Modifying the solver means updating the `run`

method, more specifically the gradient formula.
Inside the `python-gd.py`

file, the new `run`

method looks like this

```
def run(self, n_iter):
L = np.linalg.norm(self.X, ord=2) ** 2 + 2*self.reg
alpha = self.scale_step / L
beta = np.zeros(self.X.shape[1])
for _ in range(n_iter):
beta -= alpha * (gradient_ols(self.X, self.y, beta) + 2*self.reg*beta)
self.beta = beta
```

Note that we are using `self.reg`

as the value of \( \lambda \).
To get this value from the `objective.py`

file, we need to update the `set_objective`

method, which is the counterpart of `get_objective`

we just updated in `objective.py`

.

```
def set_objective(self, X, y, reg):
self.X, self.y, self.reg = X, y, reg
```

As a final step, because the goal of this benchmark is to look at GD performance for various hyperparameters, and in particular the stepsize, we are interested in setting the stepsize grid. The values taken by the stepsize are defined as attributes of the solver GD class, since they are parameters of the solver. Let us add scaled values 0.1 and 0.5 to the stepsize grid.

```
class Solver(BaseSolver):
name = 'GD'
parameters = {
'scale_step': [0.1, 0.5, 1, 1.99],
}
```

And that’s it, you now have your first benchmark setup! Congratulations :)

All that’s left is to run the benchmark and look at the results. We run the benchopt with the same command as earlier, in the parent directory of the template benchmark:

```
benchopt run my_benchmark
```

Notice how the prompt in the terminal now contains logging for the GD algorithm with each stepsize 0.1, 0.5, 1 and 1.99.

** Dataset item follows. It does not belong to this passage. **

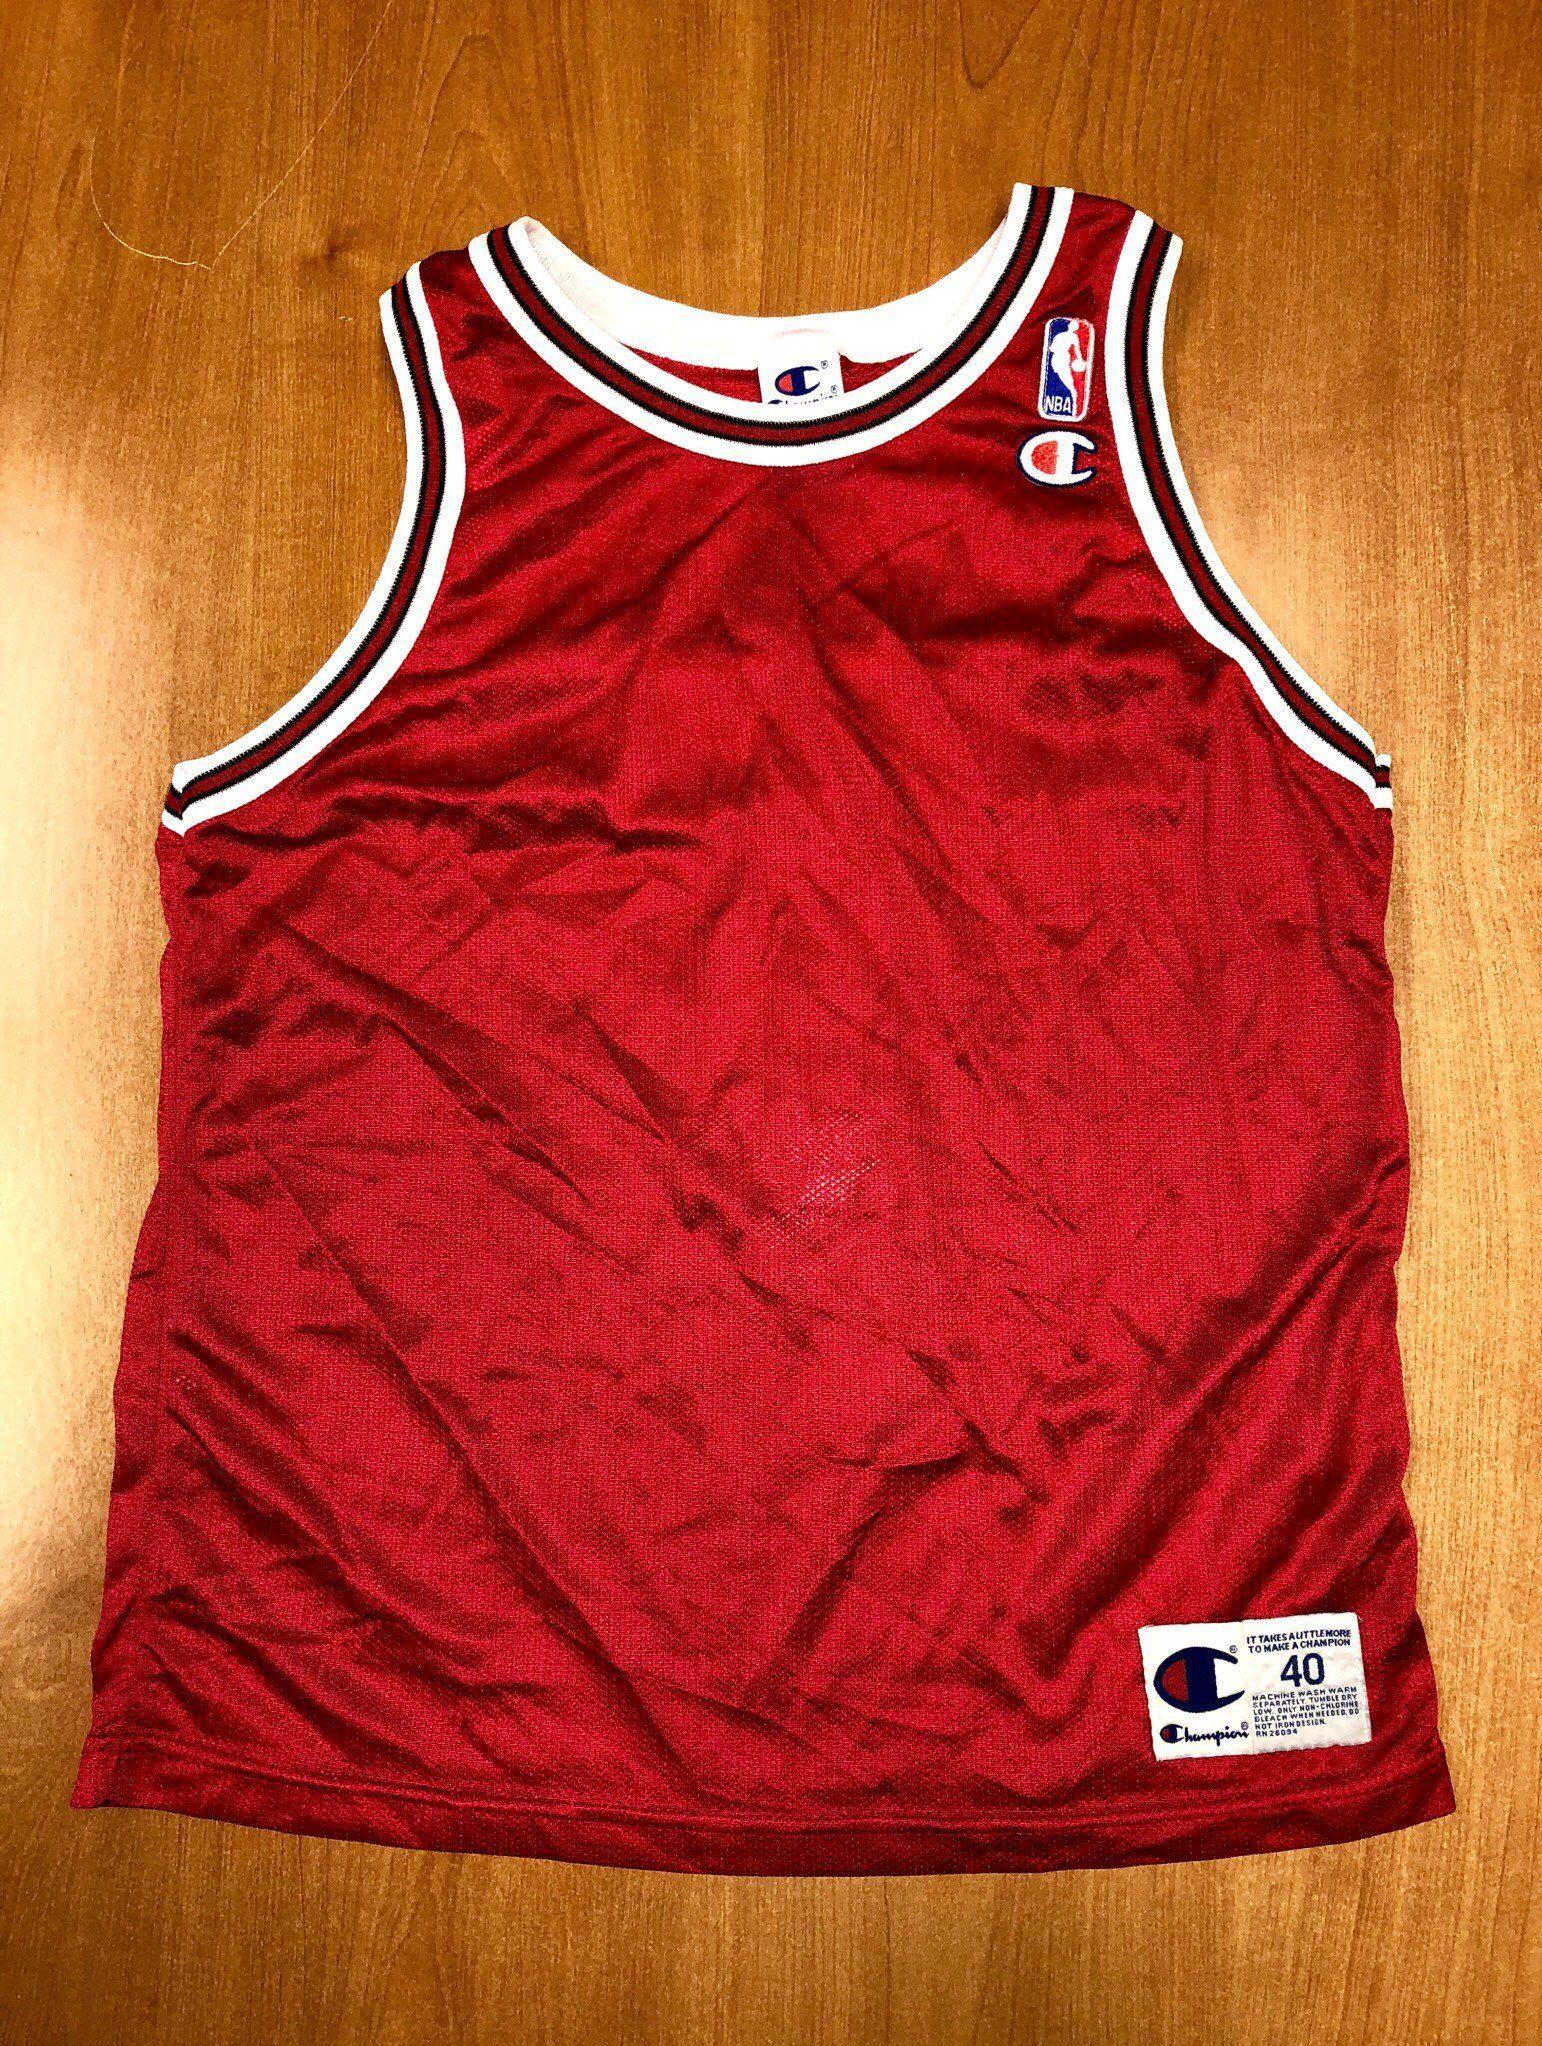 Vintage 1995 - 1998 Chicago Bulls Blank Champion Jersey Size 40 nba finals  hat shirt scottie pippen authentic michael jordan elton brand by ... 7068db6b6

Upon completion of the run, you should again have all the results collected in a new interactive window in your default web navigator. There is a lot of interesting information contained in these results. For instance, select the following plotting options:

Simulated[n_features=500, n_samples=1000]

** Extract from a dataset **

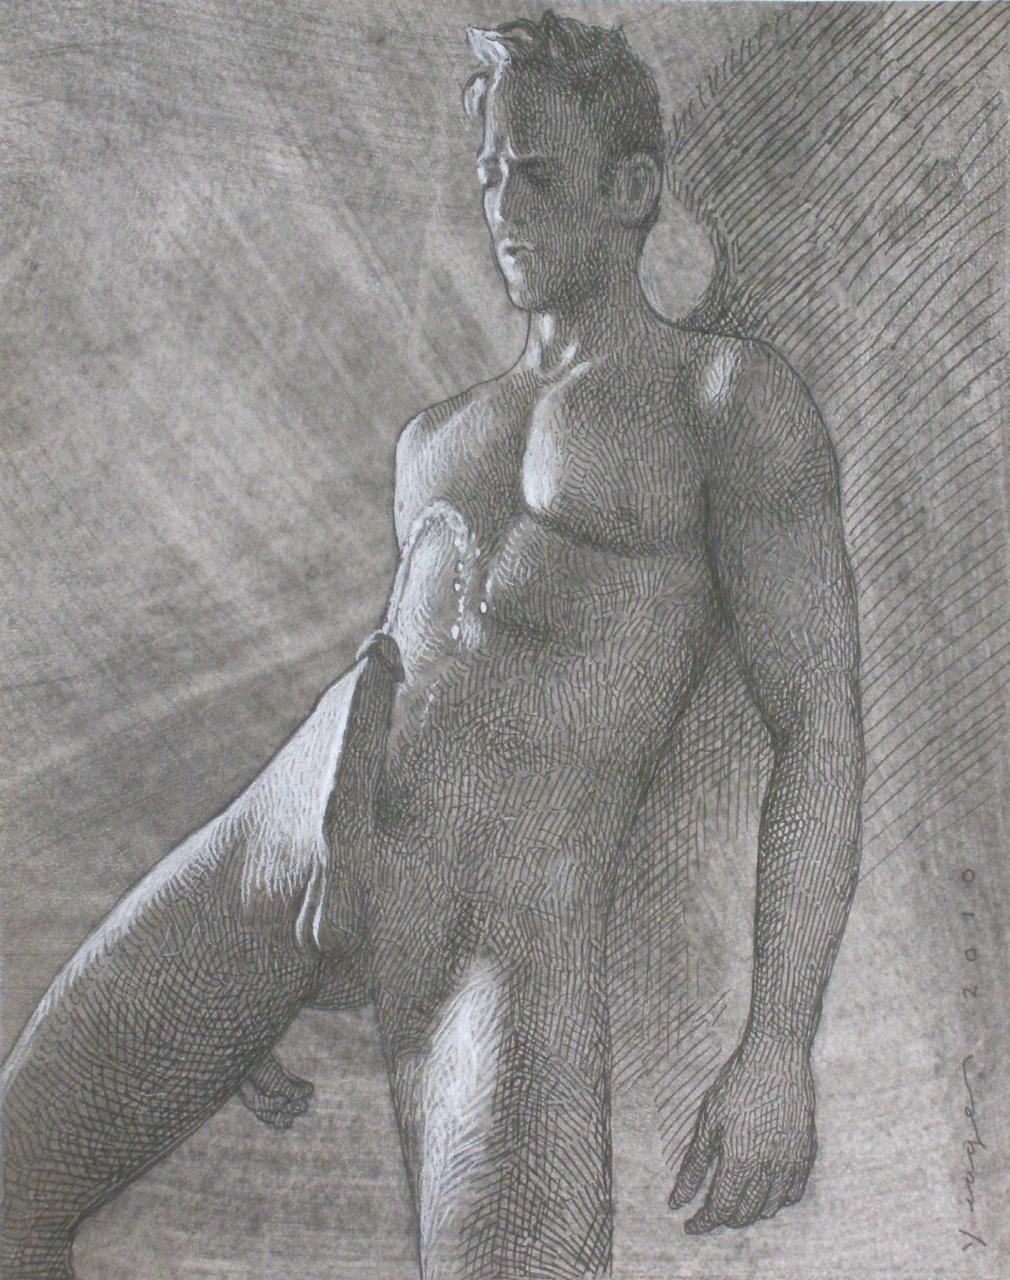 franco-gay-erotic-drawings-ask-busty-jolene

Ridge Regression[reg=10.0, whiten_y=False]

objective_value

suboptimality_curve

semilog-y

iteration

You should see the following plot (click image to zoom).

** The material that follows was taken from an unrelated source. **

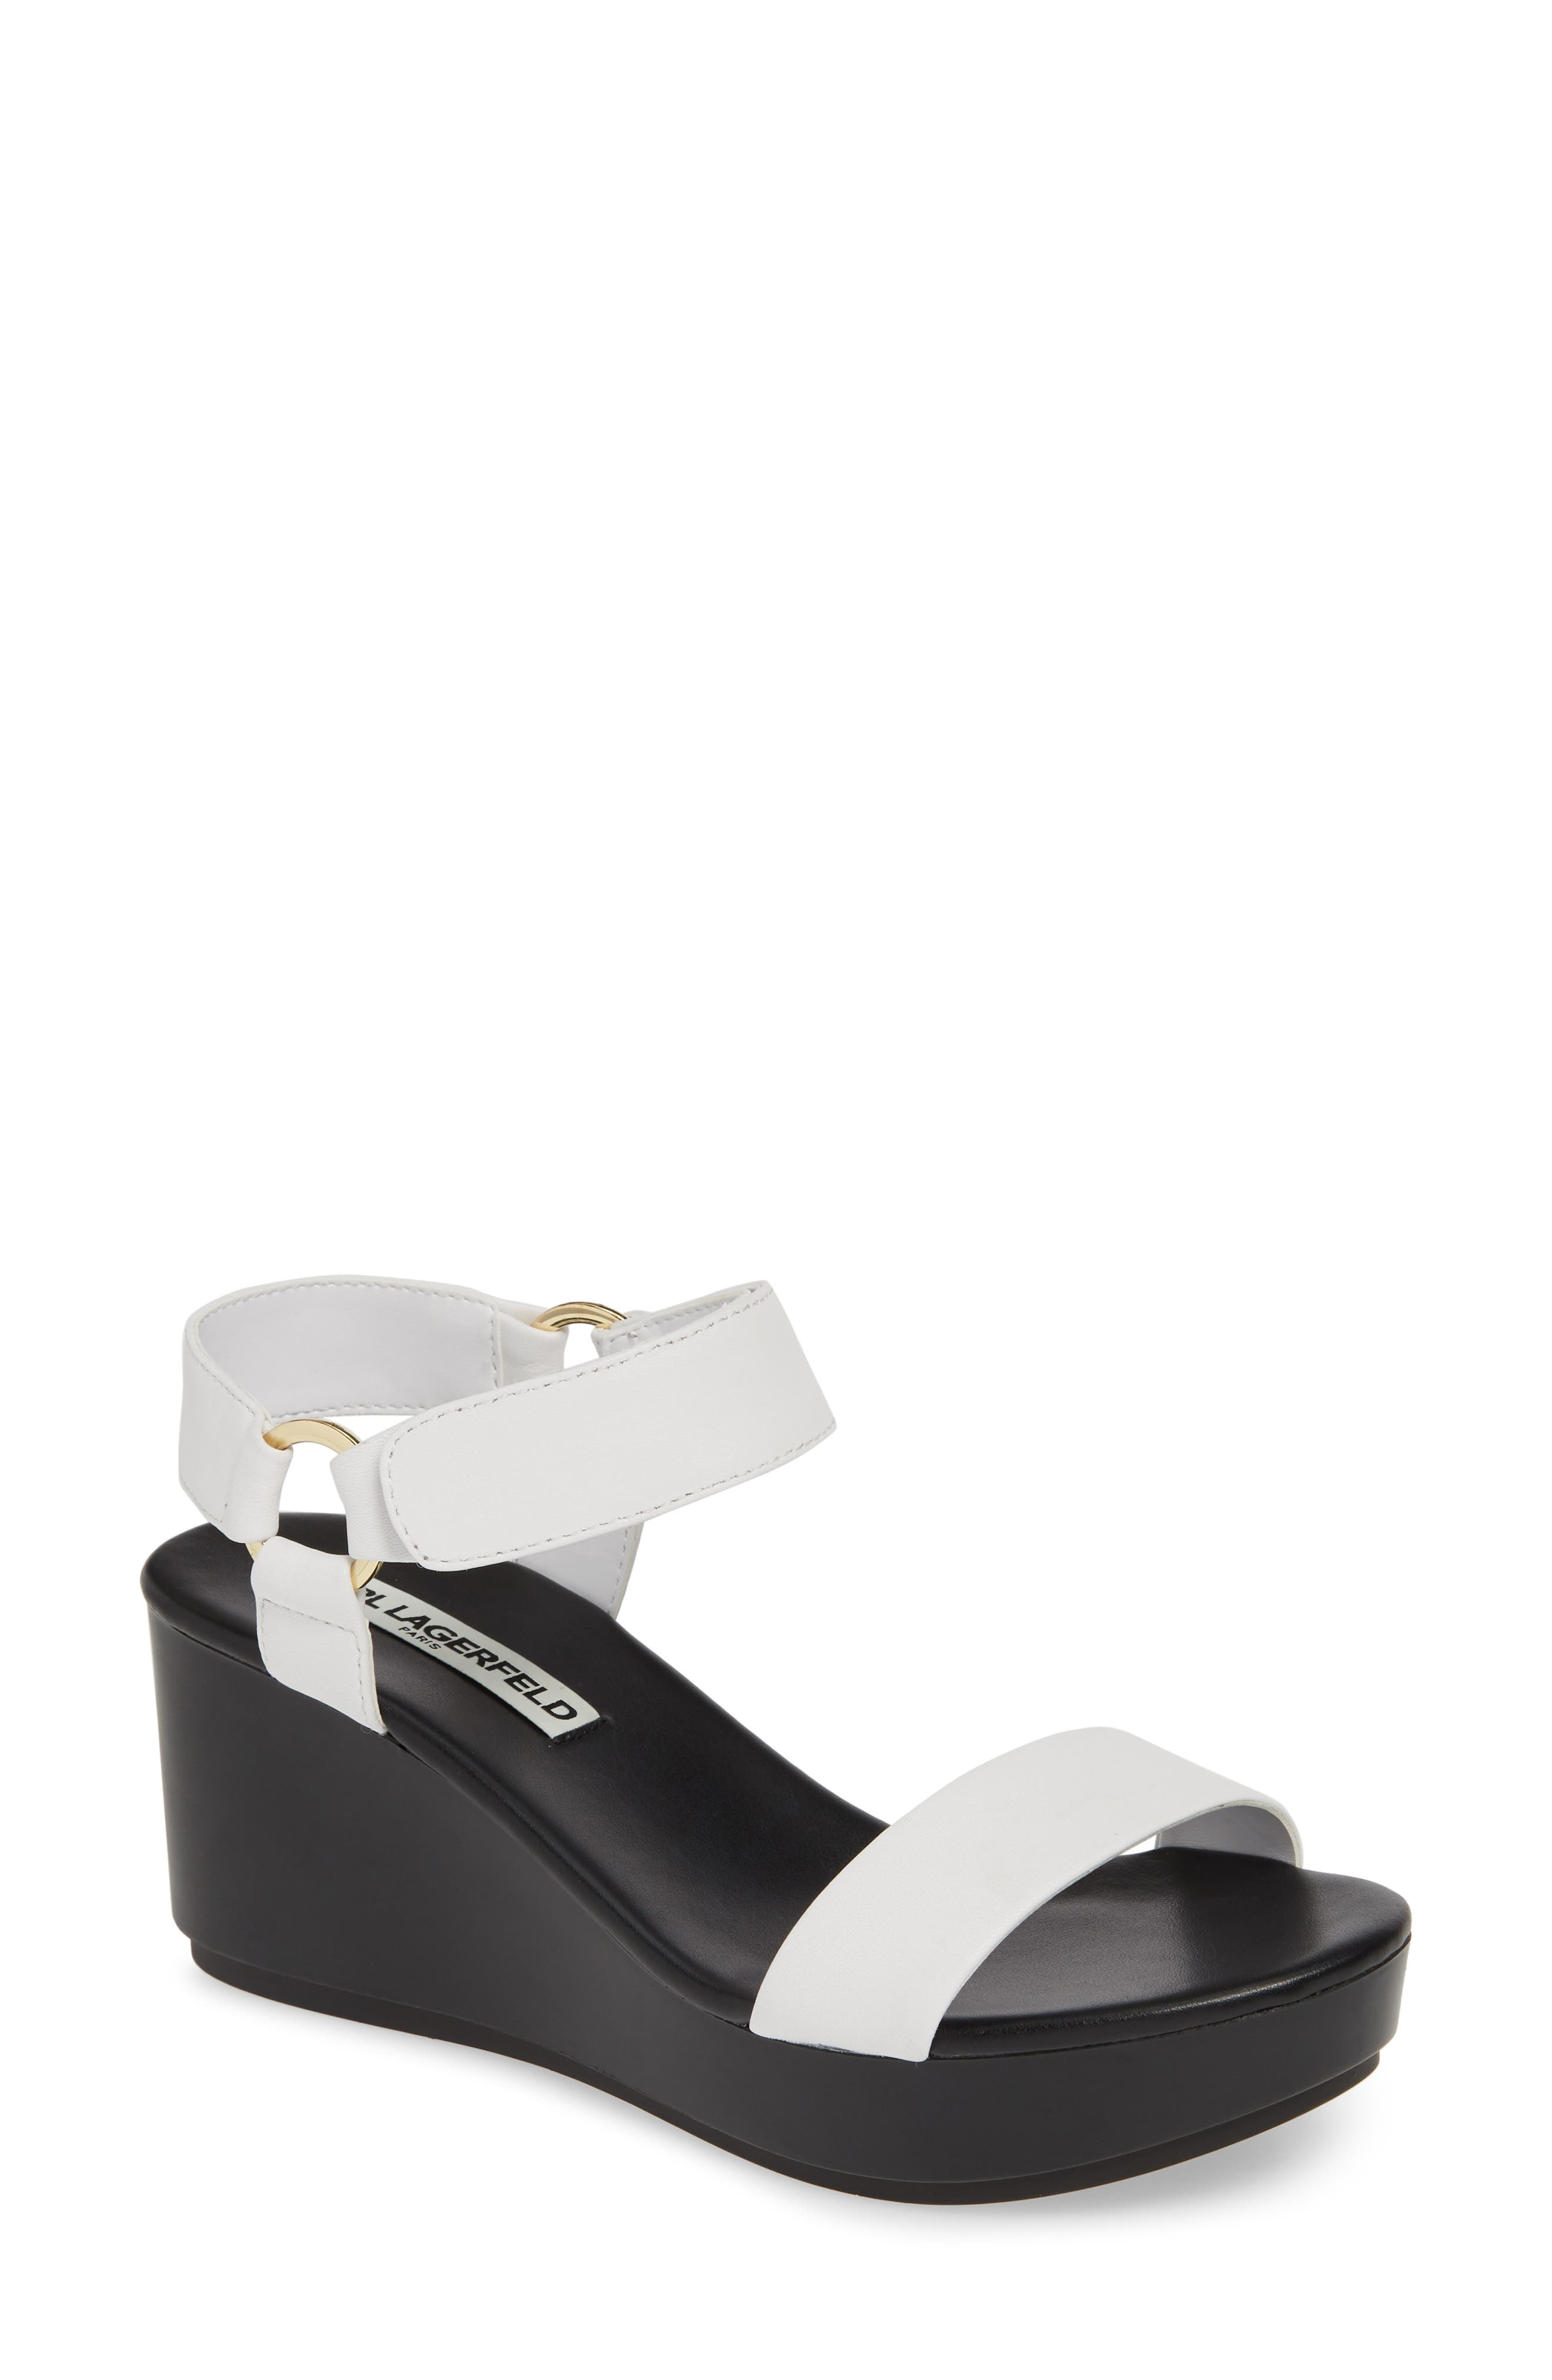 Karl Lagerfeld Paris Lana Platform Sandal, White

We may observe that the GD-ridge with `stepsize=1`

reaches a low cost value faster that when using smaller or larger stepsize. This is expected since the stepsize has been scaled optimally according to the theory of convex optimization, and therefore `stepsize=1`

is in principle the fastest safe step.

One of the interesting features of Benchopt is its ability to easily compute and show several metrics over the run.
We have computed the ridge penalization alongside the iterations, and we can observe its values by changing the `Objective_column`

field to `objective_penalty`

. For better visualisation, you may change the `Scale`

field to `semilog-x`

. Observe that the ridge regularisation term increases with the iterations. Again this is expected since we initialized GD with a null vector for which the Euclidean norm is zero.

## Concluding remarks#

Thank you for completing this tutorial! Hopefully your understanding of Benchopt benchmark is now sufficient to start your own benchmark. You may find more information in the online documentation about writing a benchmark. Moreover, there are a lot of other interesting features to Benchopt, feel free to go over the online documentation to learn more about Command Line Interface, publishing benchmark results, or configuring Benchopt.

As a final word, for simplicity, the way we cloned the template_benchmark repository to create our benchmark slightly differs from the recommended procedure. Instead, to start you benchmark, follow the instructions found in the README.rst file.